Полемизируя с Фесуном, Арбузов настаивает, что в гарнизоне было 400, а не 300 солдат.
Капитан Арбузов полагает, что неприятель был введен в заблуждение китоловами, которых встретил на Сандвичевых островах; эти китоловы, зимовавшие в Петропавловске, когда весь гарнизон состоял всего из 250 человек, и сообщили эту цифру адмиралу Прайсу, который, подходя к Камчатке, не знал, что встретит там отпор со стороны гарнизона, очень усиленного, да еще от экипажей «Авроры» и «Двины»[866]. Адмирал Депуант впоследствии утверждал, что он предвидел полнейшую неудачу высадки и боя на берегу 24 августа, но — согласился. Здесь он и погиб. Участник событий, оставивший, как сказано, наиболее полную картину их, мичман (впоследствии лейтенант) Фесун справедливо пишет о Депуанте: «Тут опять в полном свете является слабость характера французского главнокомандующего. Прослужив десятки лет на море, обладая несомненной опытностью в морском деле и будучи вполне убежденным в неблагоразумии атаки, основанной на показаниях двух неизвестных бродяг, адмирал в военном совете ясно излагает все это, пересчитывает все неудобства десанта и потом, когда, наконец, ему приходится сказать свое последнее слово, он вдруг увлекается большинством, дает согласие на нападение, в неудаче которого не сомневается, и таким образом принимает на себя тяжелую ответственность! Весь неуспех дела 24 августа приписывается ему как главному начальнику, обвинения и упреки сыплются на него градом, впереди, по возвращении в отечество, перед ним является мрачная перспектива военного суда, общественное мнение и там клеймит позором его имя, и конечно бедный старик, уже ослабевший в борьбе с многочисленными препятствиями, не выдерживает новых и жестоких ударов, через несколько месяцев… он оканчивает жизнь — не самоубийством, как его товарищ Прайс, нет, он умирает ужасной и медленной смертью от истощения физических и душевных сил, умирает, прислушиваясь к ропоту ближайших подчиненных, не видя перед собой ничего лучшего, и уже на пути к Франции, к той Франции, которой он служил десятки лет, и до похода на Камчатку вполне безукоризненно… Нельзя не согласиться, что странное стечение обстоятельств преследовало все действия союзников на Восточном океане. Один адмирал застреливается… другой умирает, подавленный упреками собственной совести и не вынеся мысли о последствиях своих ошибок»[867].

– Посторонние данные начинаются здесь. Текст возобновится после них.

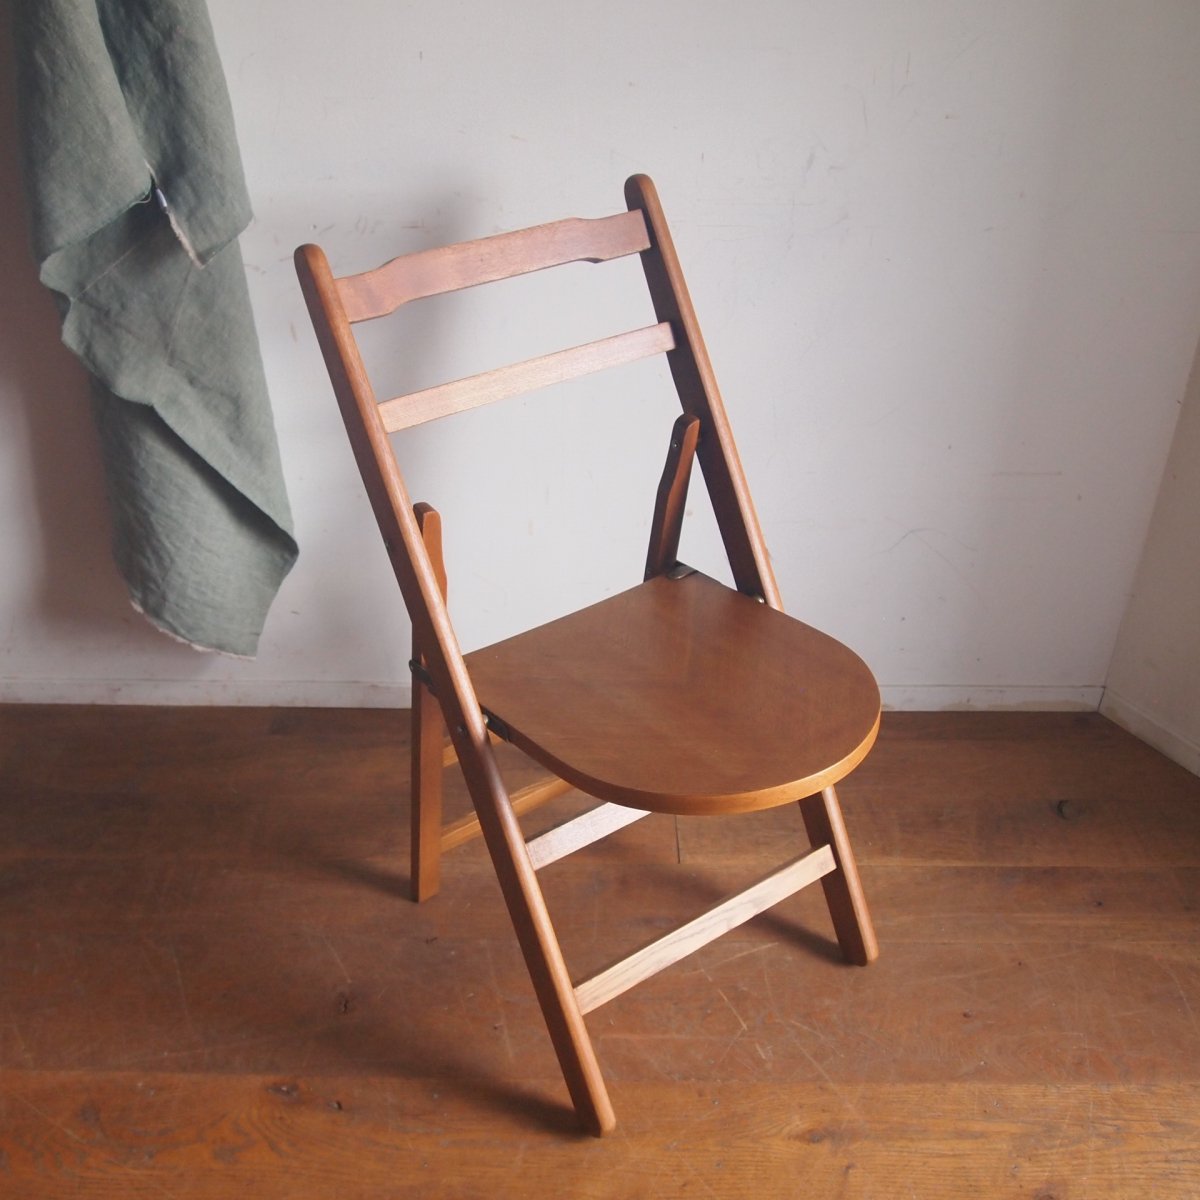  折り畳み椅子

Больше в эту войну Петропавловску-на-Камчатке не суждено было играть какой бы то ни было военной роли.
Решено было не ждать появления в предстоящем 1855 г. неприятельской эскадры и эвакуировать население в глубь страны, а также разоружить батареи на берегу.
«В начале марта (1855 г. — Е.Т.) прибыли две почты, и с ними мы получили русские и иностранные газеты, из которых увидели, что отбитое нападение англо-французов на Петропавловский порт общественное мнение Англии и Франции расценивало как оскорбление и требовало, чтобы обе эти державы приняли энергичные меры для уничтожения Петропавловска, а главное, наших судов, находящихся в Восточном океане», — читаем в посмертных записках адмирала Невельского[868].
«Как ни блестящи были подвиги защитников Петропавловска, но за недостатком продовольствия их положение в случае войны на Камчатке представлялось безвыходным»[869]. Это мнение Невельского было признано безусловно правильным. Тогда же решено было эвакуировать город, снять батареи и уходить в глубь страны: можно было ждать нового появления неприятеля в 1855 г.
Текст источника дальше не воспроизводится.